Data provided —
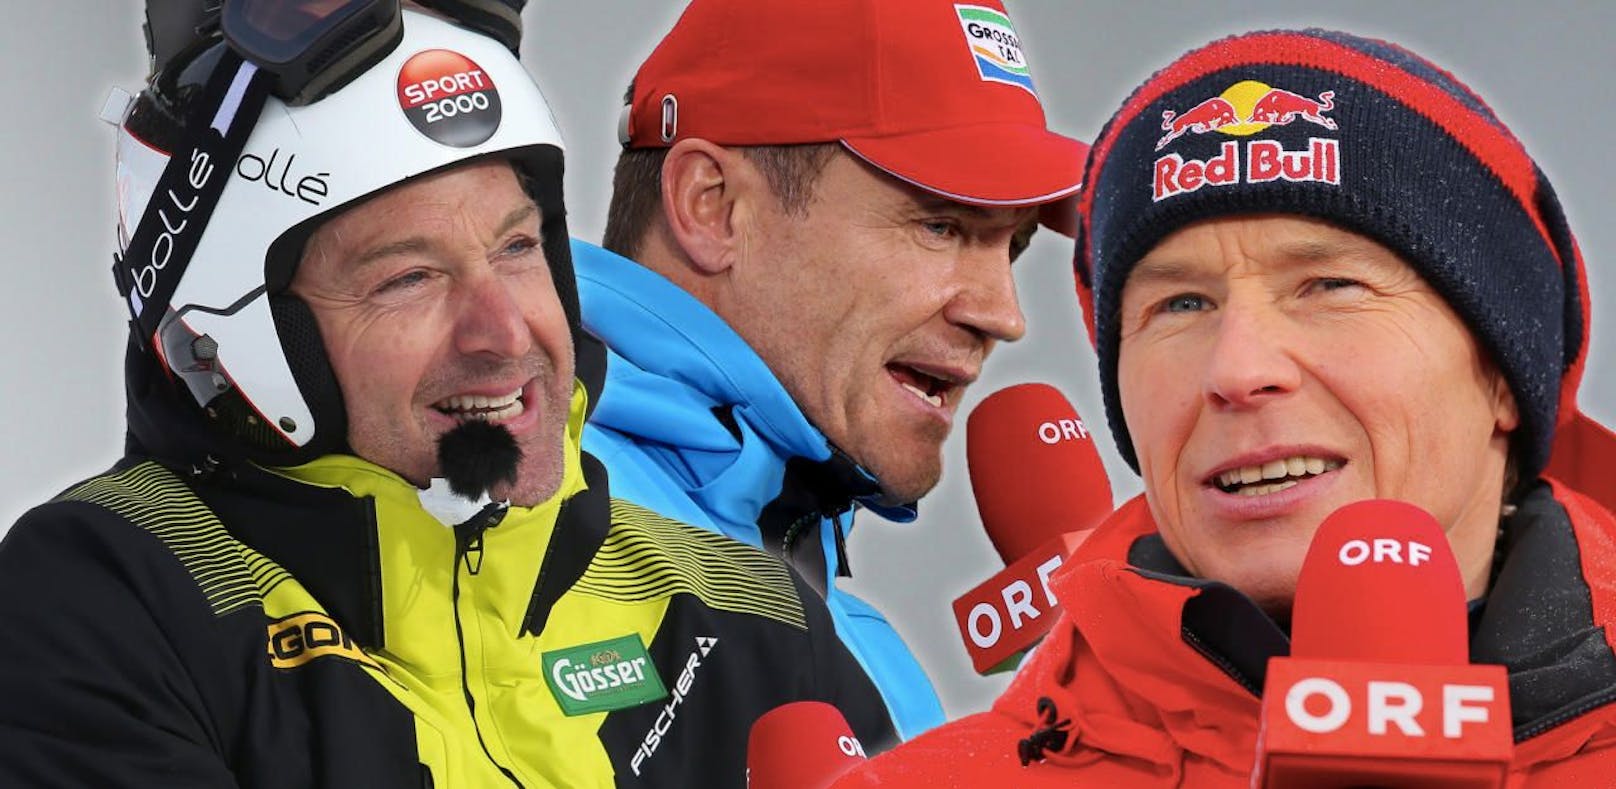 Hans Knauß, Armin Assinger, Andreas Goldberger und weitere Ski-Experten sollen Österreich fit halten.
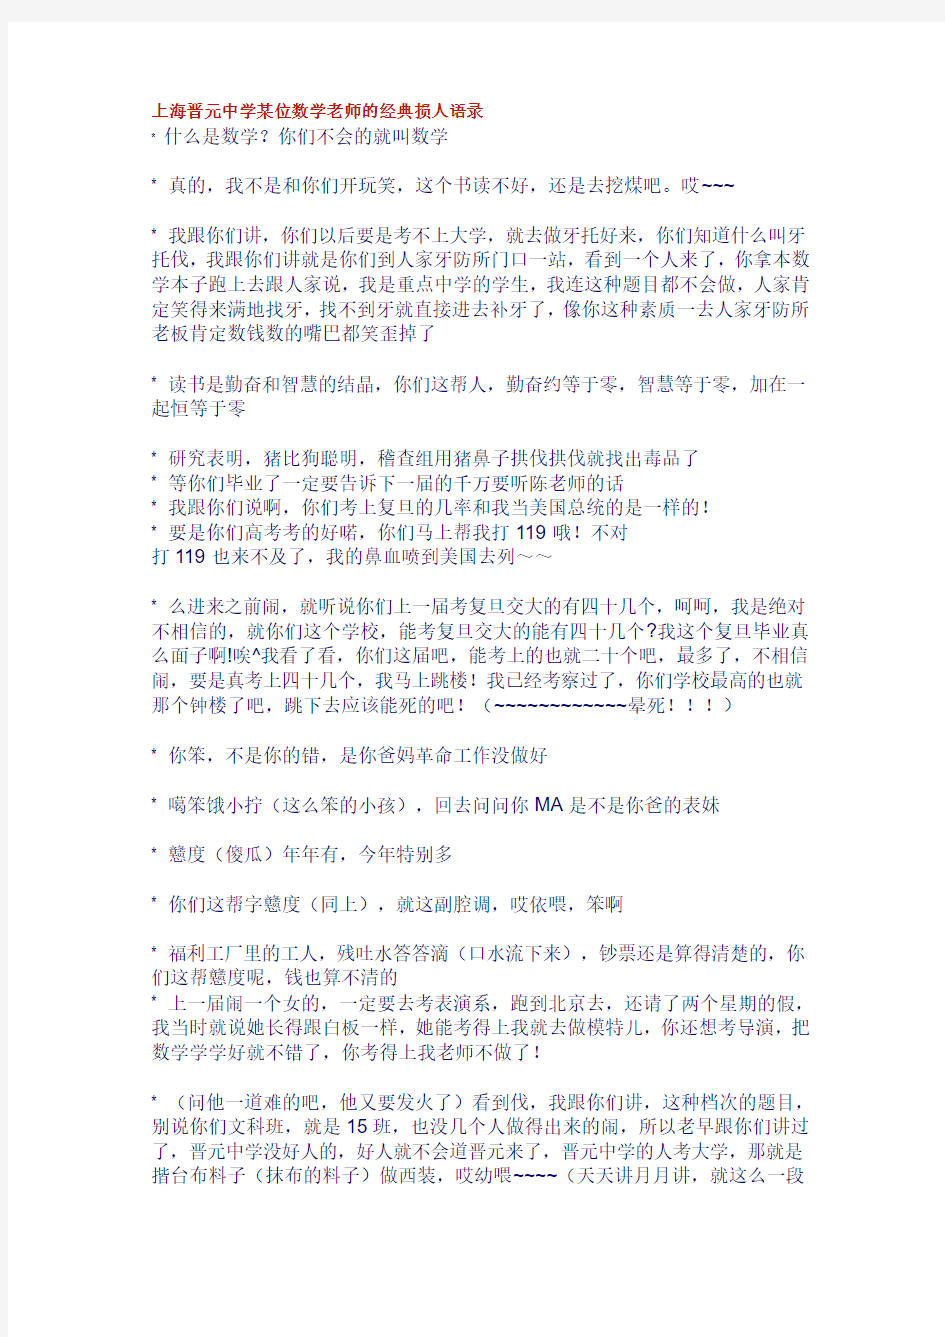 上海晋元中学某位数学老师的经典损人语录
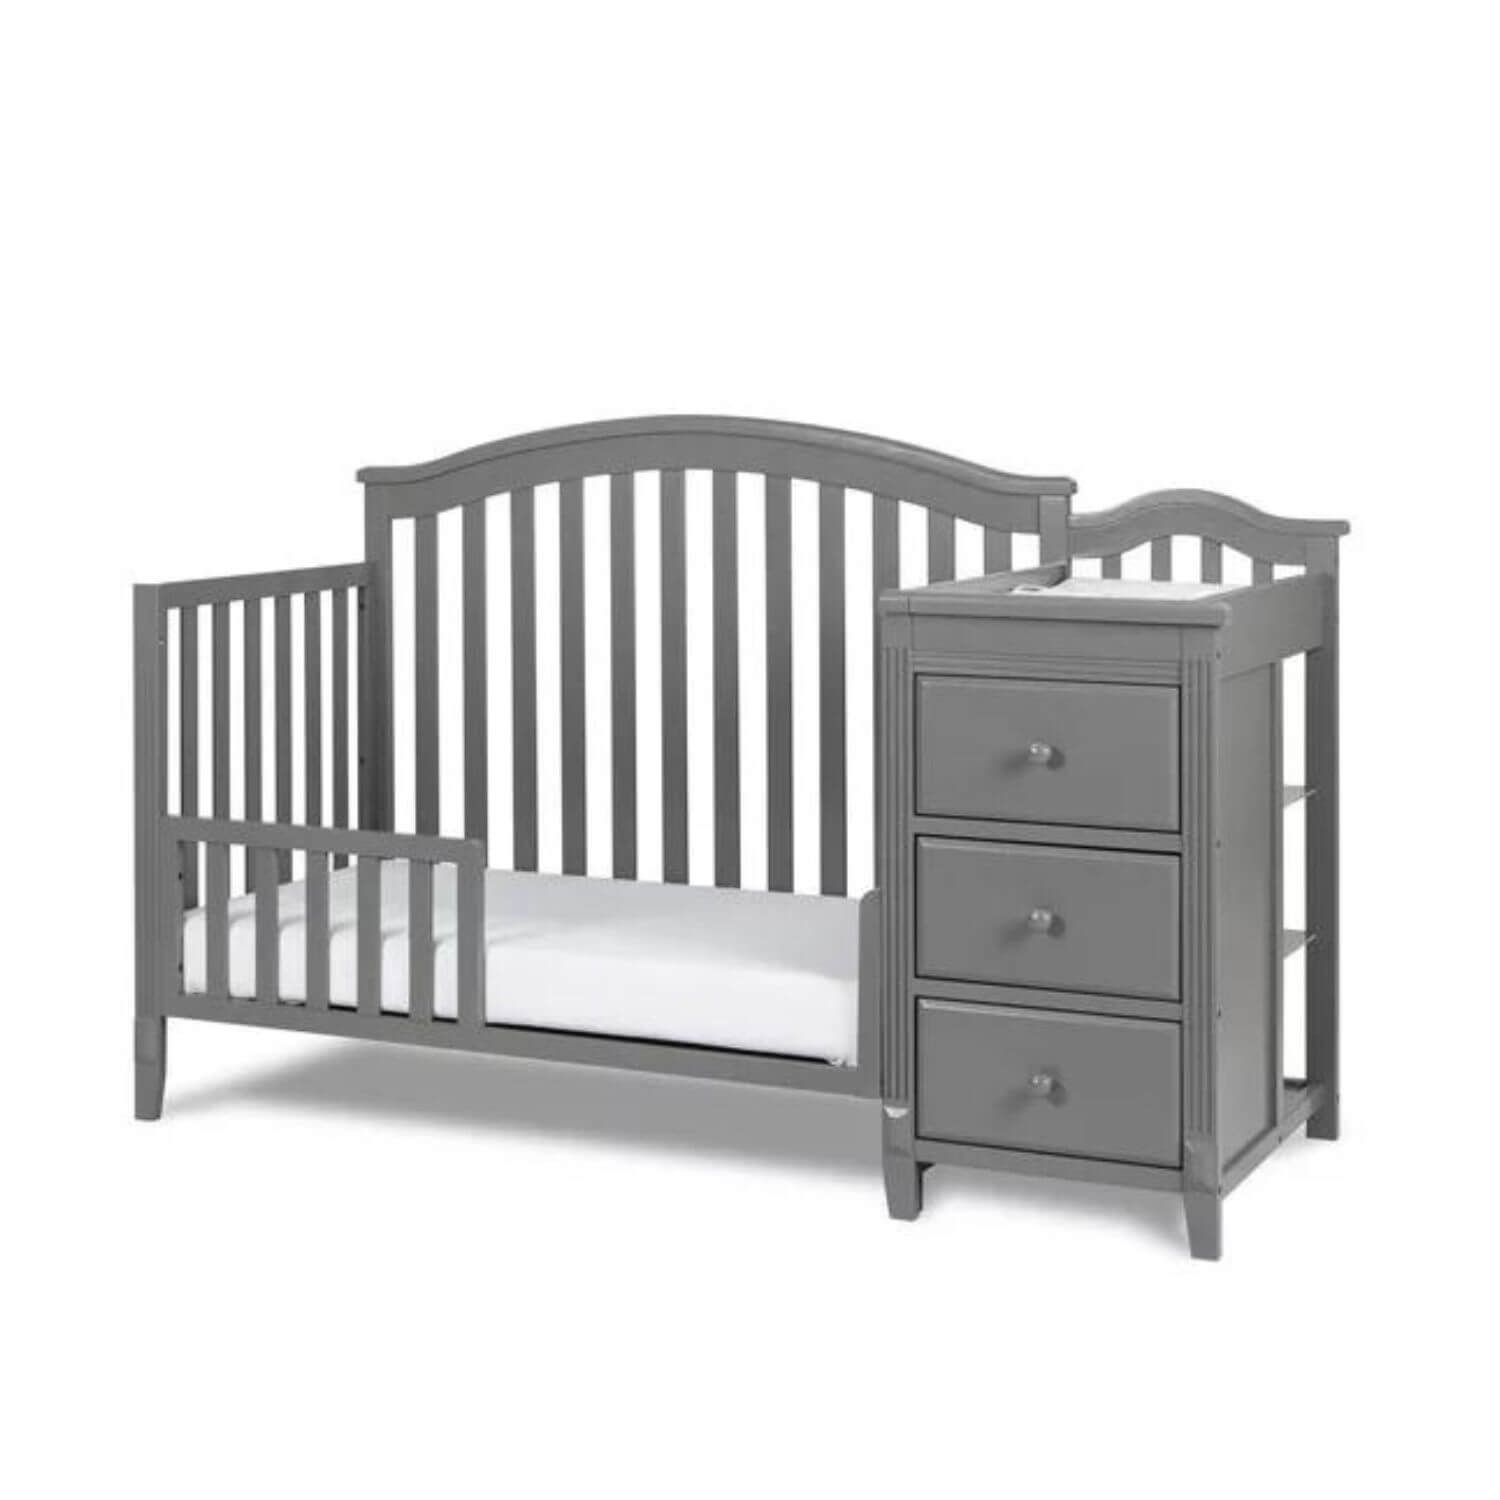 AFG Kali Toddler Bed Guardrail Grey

Task to complete —
Your copy should hold only the lines from the one containing "上海晋元中学某位数学老师的经典损人语录" through the last line of the listing, both included, retyped exactly and free of pictures.

Result of the task —
 上海晋元中学某位数学老师的经典损人语录
 AFG Kali Toddler Bed Guardrail Grey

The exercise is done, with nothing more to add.